§ Assigned task
Look through the listing below and write out exactly the lines from the line with "La chaise Tal" to the line with "Les profils en", both included, and no others.

§ Material shown

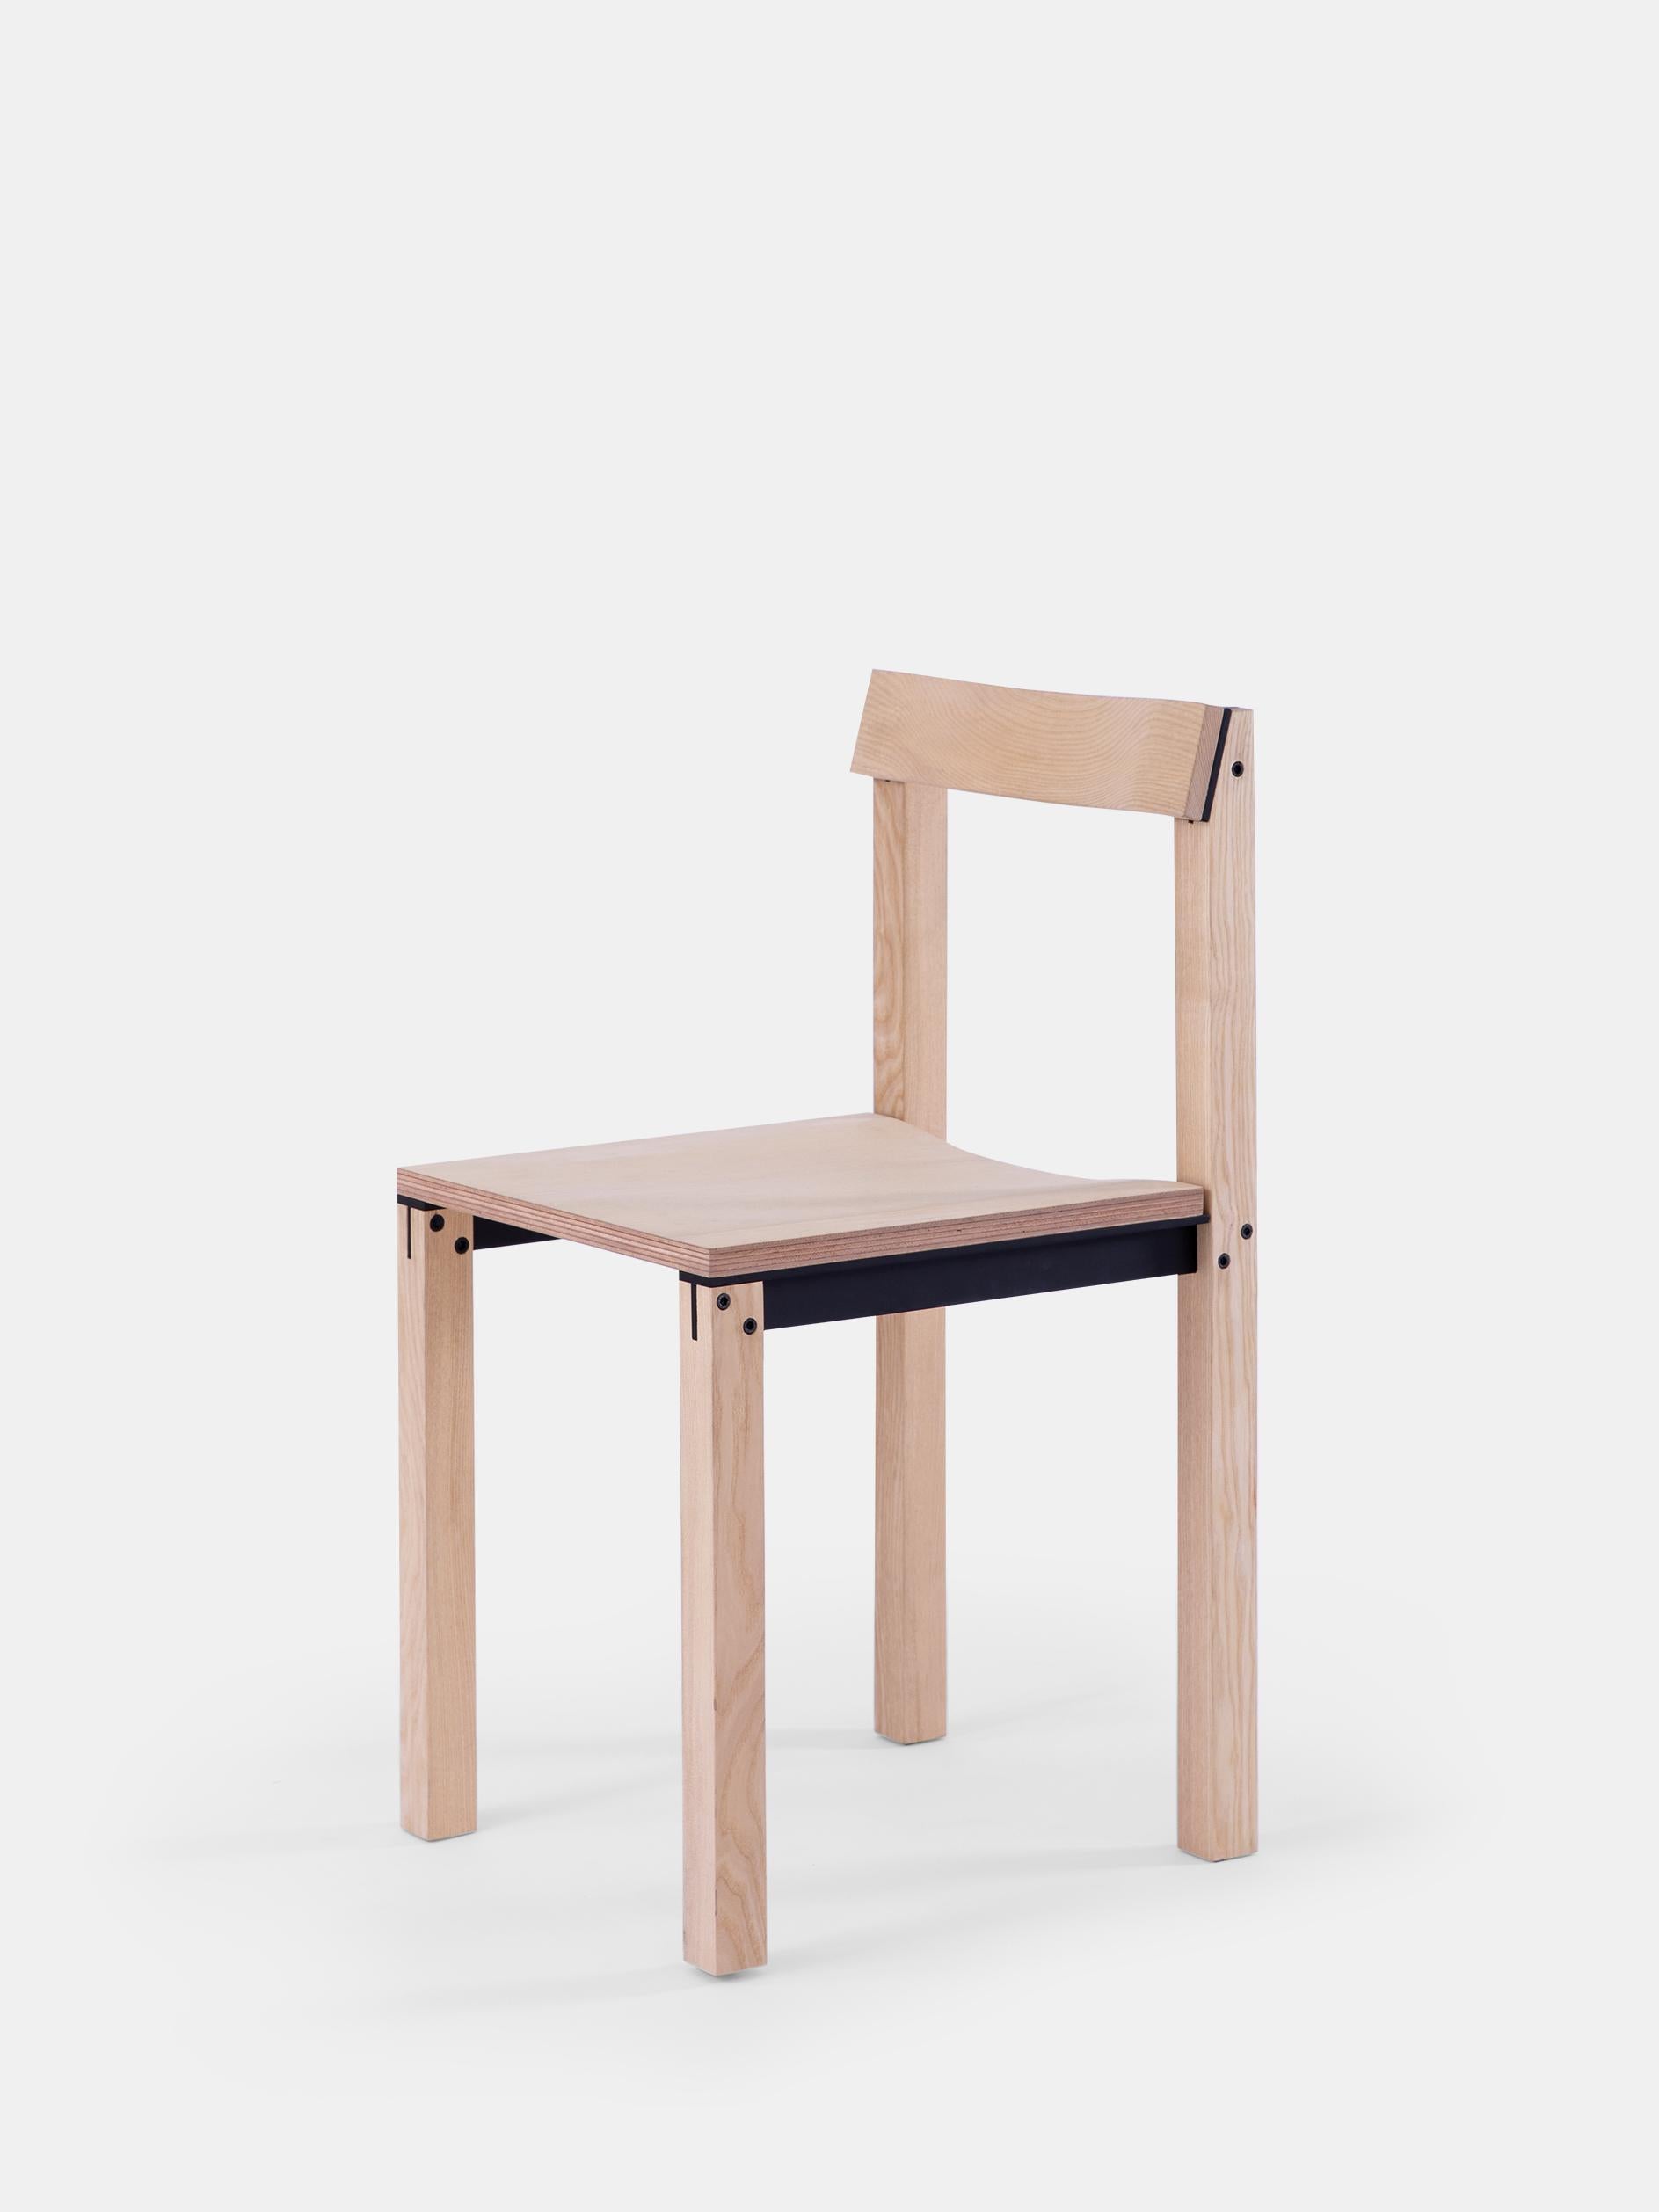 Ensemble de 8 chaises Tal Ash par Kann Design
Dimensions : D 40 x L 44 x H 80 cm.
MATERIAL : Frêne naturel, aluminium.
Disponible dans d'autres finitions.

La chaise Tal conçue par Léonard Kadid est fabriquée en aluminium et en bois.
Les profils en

--

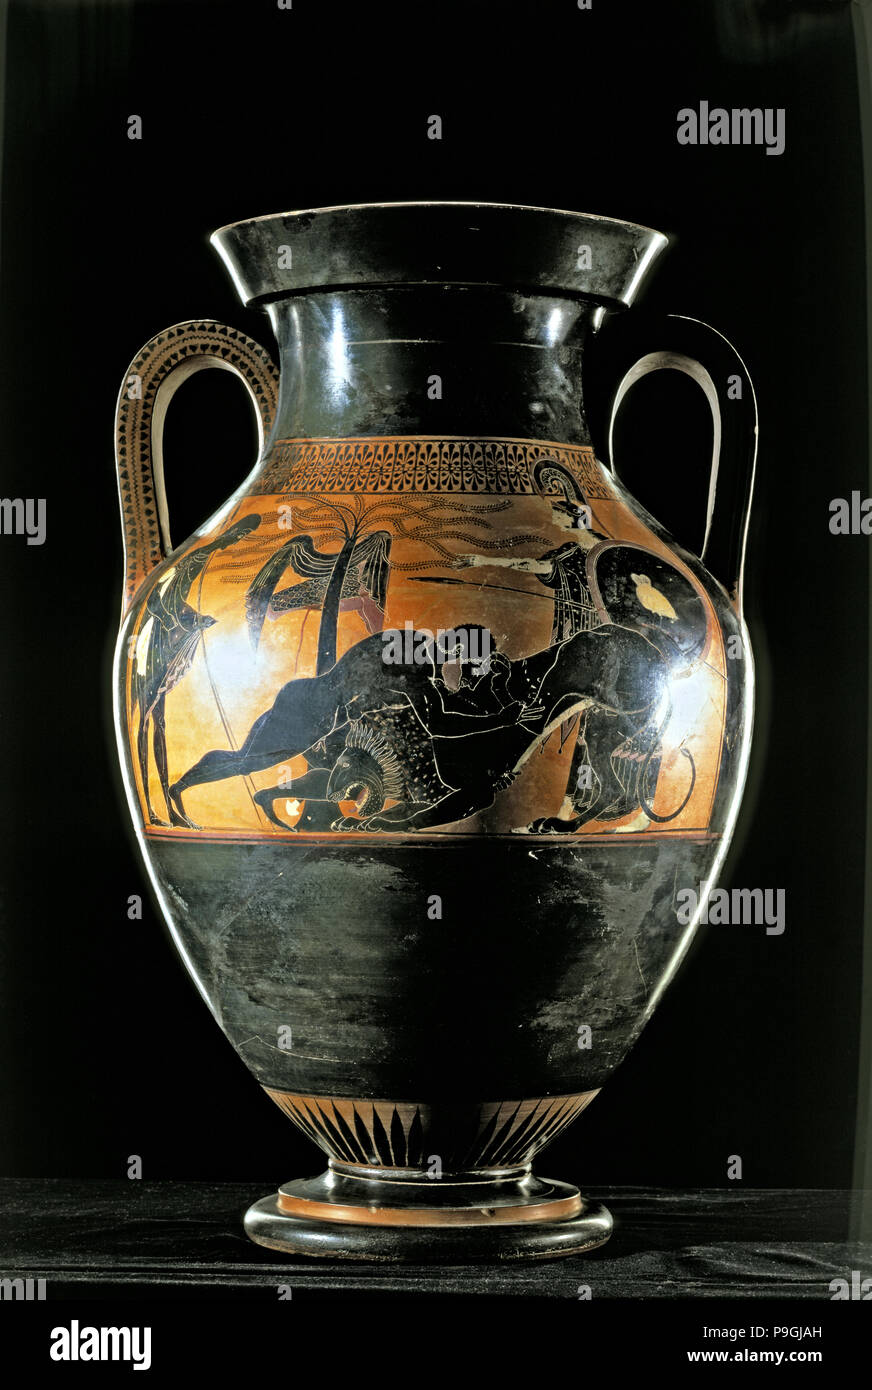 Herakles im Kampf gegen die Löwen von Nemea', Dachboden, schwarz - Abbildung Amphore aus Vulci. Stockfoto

§ Response to this task
La chaise Tal conçue par Léonard Kadid est fabriquée en aluminium et en bois.
Les profils en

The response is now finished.